Class is the missing link in Australia’s generational inequality crisis

Australia’s housing crisis is not just a conflict between generations, but also a deepening class divide lurking beneath “fair crack” rhetoric, writes Professor Carl Rhodes.
JUST DAYS before the Labor Government’s May Budget is due to be announced, it has now been confirmed that: Property tax will finally be reformed. Although details are yet to emerge, capital gains tax and negative gearing will be overhauled in a bid to rein in investor-driven inflation in the housing sector.
How quickly politics can change. The Labor Party, which went into the Federal Election this time last year, was categorically rejected such reforms. Tapping the property tax status quo was framed as electoral suicide.
Today, the same ideas are being reshaped as political common sense. What has changed is that intergenerational economic inequality has finally become a mainstream political concern, with housing affordability at its center.
But this is where the current debate starts to get misleading. The housing crisis isn’t just a generational story. This is also a class story.
‘A fair crack’ but for whom?
The desire to change property tax settings is partly a political response to a demographically changing voter population.
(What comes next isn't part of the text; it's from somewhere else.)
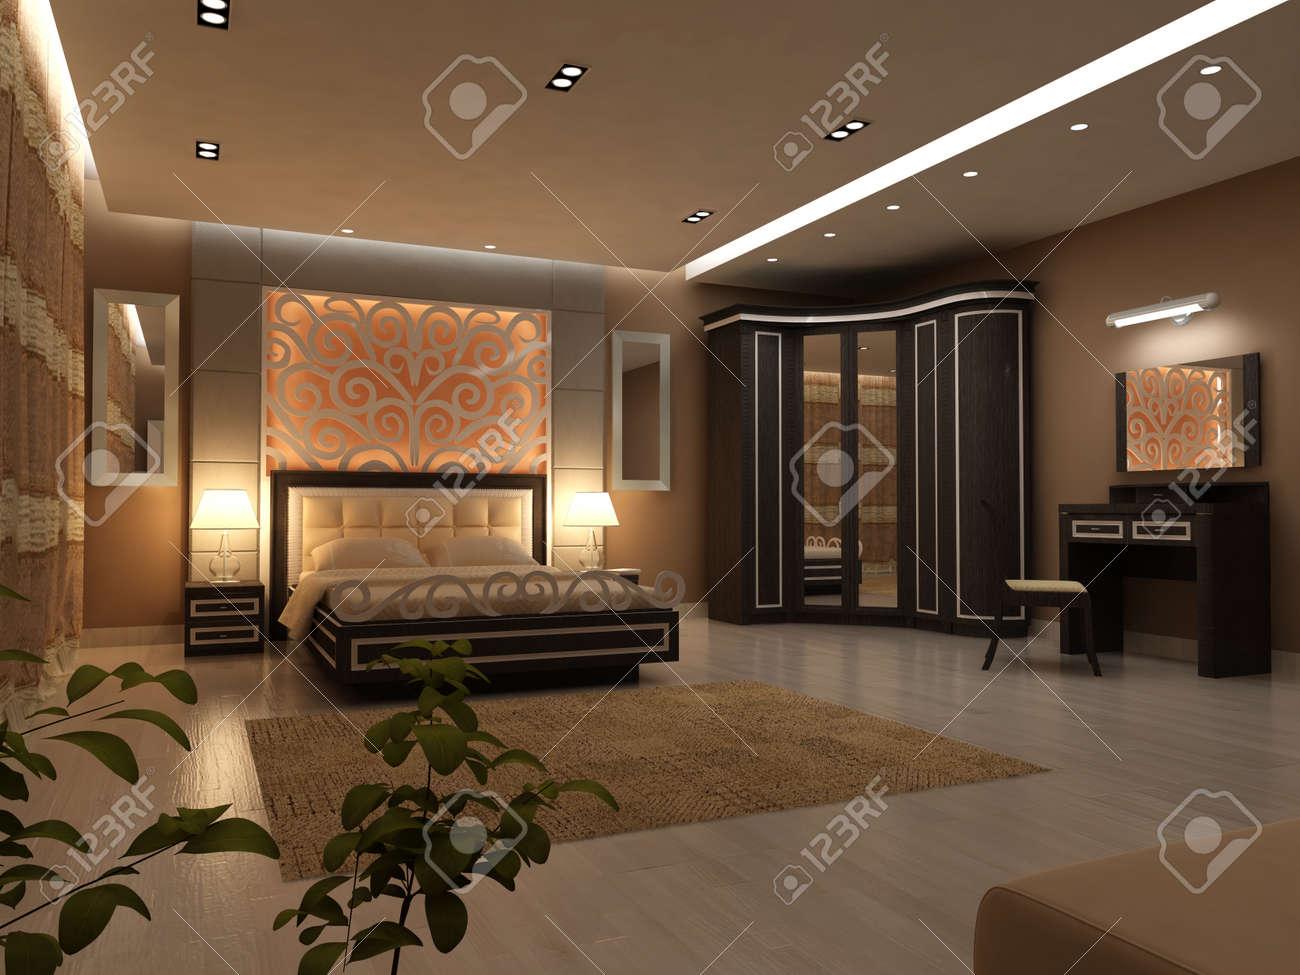 Interior Design Der Große Moderne Schlafzimmer In Künstlicher Beleuchtung  Standard Bild   37388904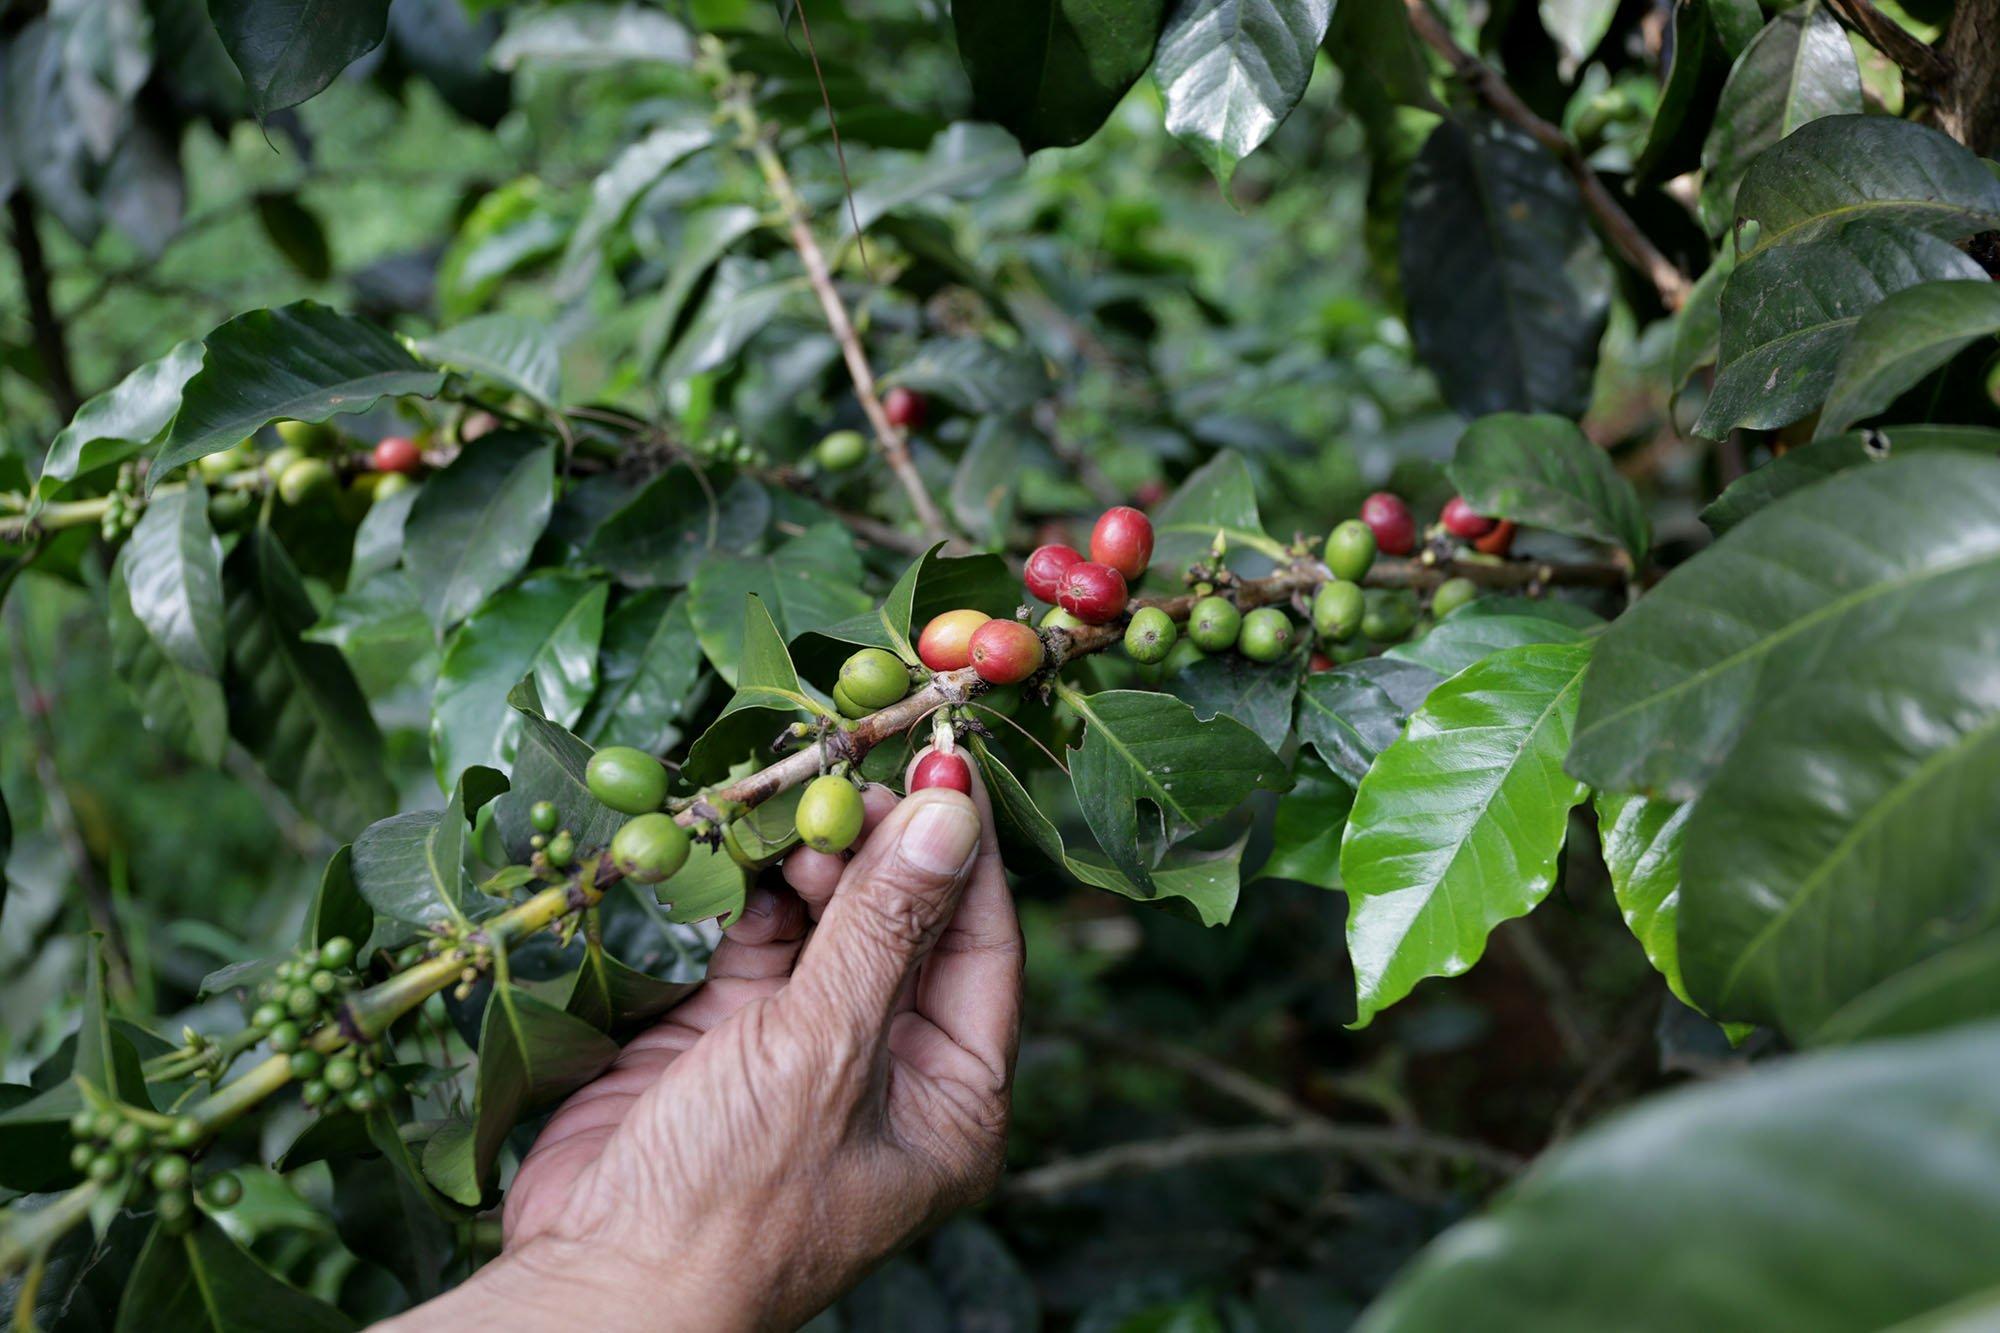 Petani dari perkebunan Malabar Mountain Coffee memetik biji kopi yang sudah matang atau cherry di pegunungan Malabar, Bandung, Jawa Barat (15/11/2019).

Australians Those aged 18 to 35 now make up nearly a quarter of the population (about 6.2 million people), outnumbering the once-dominant Baby Boomer generation.
This growing group of voters is presented as the primary affected group, and housing affordability is identified as a key driver of intergenerational inequality.
As reported by Institute of ActuariesThe ratio of home prices to income among millennials is now twice what it was in the 1980s; Rising rental costs also prevent them from saving for a mortgage deposit. It’s hardly surprising that homeownership rates among 25- to 34-year-olds have fallen from just over 50% to around 39% since 2000.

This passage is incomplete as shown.